- DVD cover
- Directed by: Rama Narayanan
- Produced by: N. Radha
- Starring: Meena Ramki Divya Unni Charan Raj Vivek
- Cinematography: N. K. Viswanathan
- Edited by: Rajkeerthi
- Music by: S. A. Rajkumar
- Production company: Sri Thenandal Films
- Release date: 28 October 2000;
- Country: India
- Language: Tamil

= Palayathu Amman =

Palayathu Amman is a 2000 Indian Tamil-language devotional film directed by Rama Narayanan. Meena plays the lead role as goddess Amman, while Ramki, Divya Unni, Charan Raj, and Vivek play supporting roles.

== Plot ==

The film starts with a saint in a gurukula announcing to his students that Devi's birth to kill the evil shall come soon. The Satan kills the saint, but Devi's birth is not stopped. It grows up as a child for Shekar and Savithri. The child gets all kinds of harms from the Satan, but the Goddess Palayathu Amman saves it every time. At the same time, Savithri thinks Palayathu Amman wants to take away her child, so she tries to save it from her.
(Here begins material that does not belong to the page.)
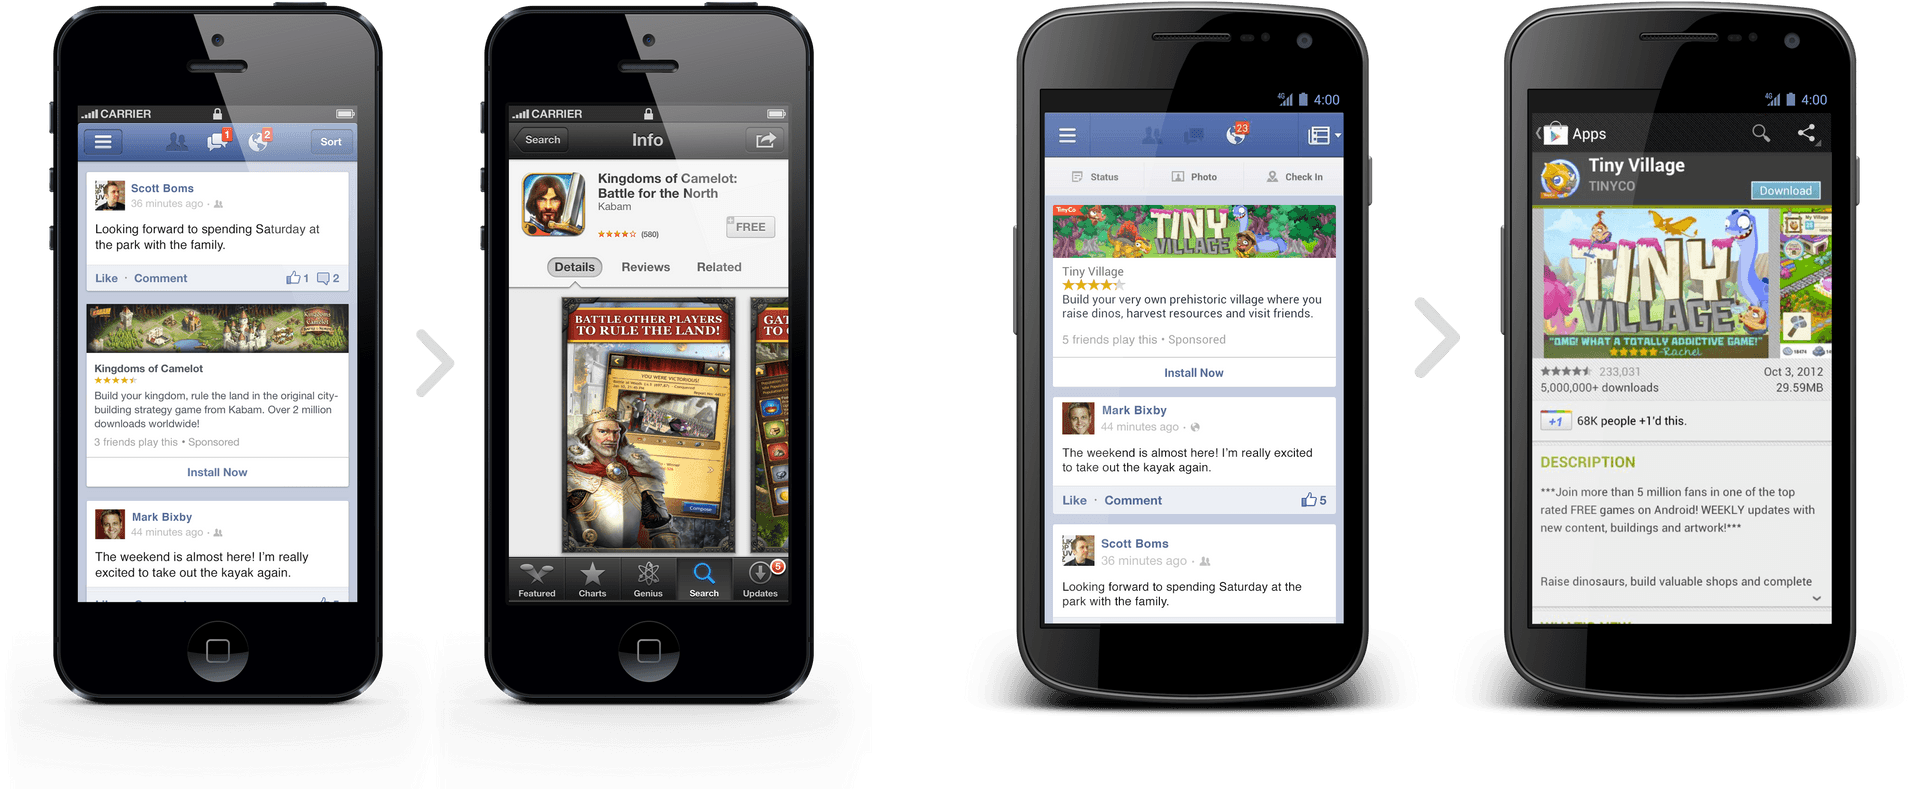 Mobile App Screenshots Display PNG image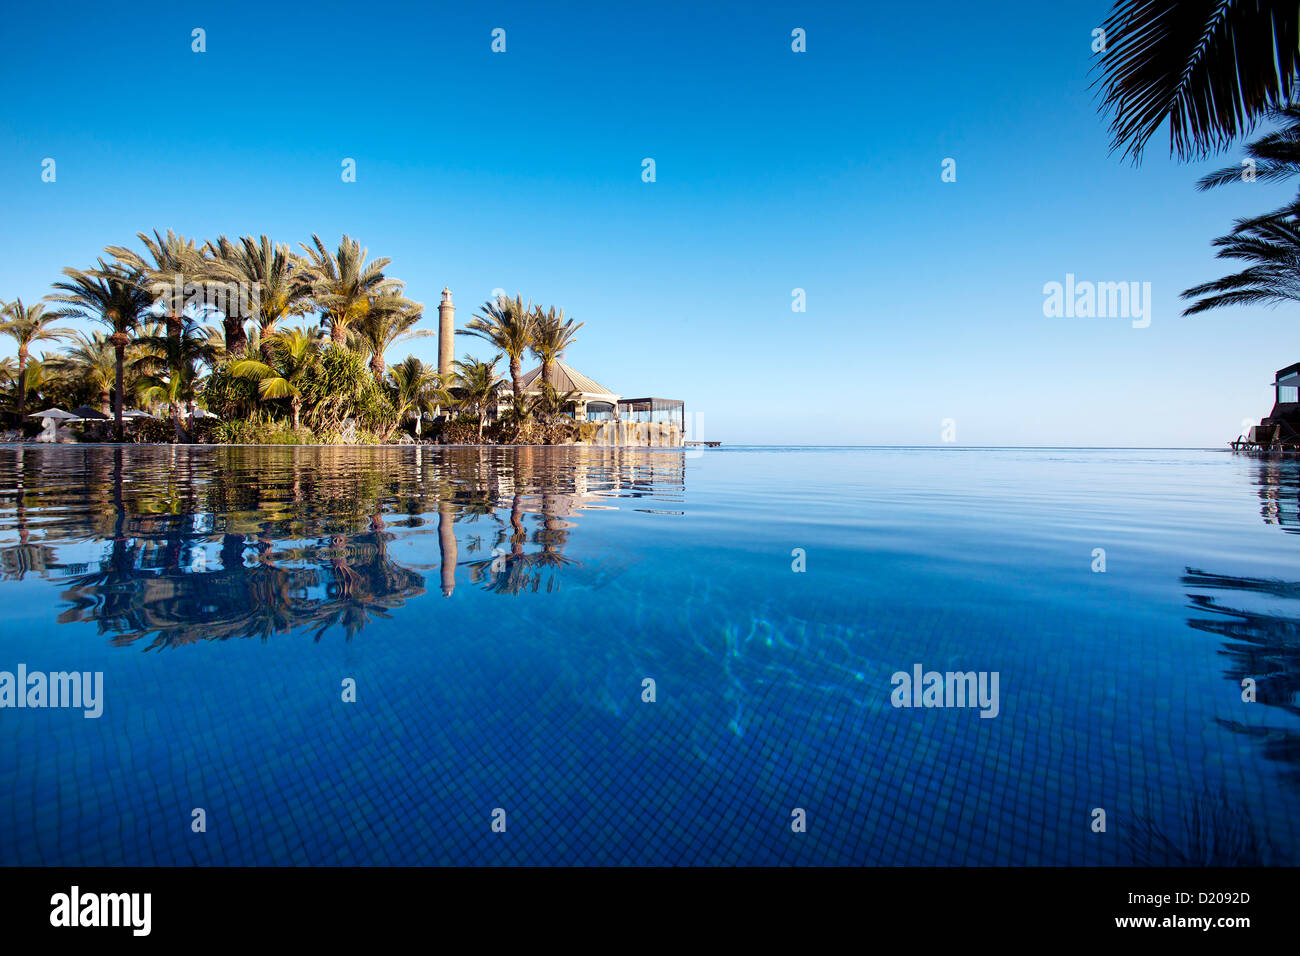 Pool of the Grand Hotel Costa under blue sky, Meloneras, Maspalomas, Gran Canaria, Canary Islands, Spain, Europe Stock Photo

At last, the child is kidnapped and about to be killed when Palayathu Amman kills the Satan and returns the child to her parents.

== Cast ==
- Meena as Palayathu Amman
- Ramki as Shekar
- Divya Unni as Savithri
- Charan Raj as Asureswaran
- Vivek as Kalyanaraman
- Omakuchi Narasimhan as Businessman seeking services of Gemology
- Senthil
- Mayilsamy
- Akshya Jayram as Sathya

== Production ==
The film completed its shoot with the working title of Devatha, before the director chose to title the film Palayathu Amman.

== Soundtrack ==
The music was composed by S. A. Rajkumar.

| Song | Singers | Lyrics |
| Aadi Vanthen | K. S. Chithra | Kalidasan |
| Veppilai Veppilai | Sujatha Mohan |
| Palayathamma Nee | K. S. Chithra |
| Paal Nila | Swarnalatha, Anuradha Sriram | Vaali |
| Anthapura Nandhavanam | Mano, Swarnalatha | Rama Narayanan |

== Reception ==
Malini Mannath of Chennai Online wrote, "As the title suggests it is once again a good-versus-evil and a Goddess-testing-devotee kind of a film. There is nothing new by way of subject or treatment" but appreciated the CG towards the climax.

== Legacy ==
The comedy subplot, including a scene where Vivek parodies the climax of Parasakthi (1952) gained immense popularity.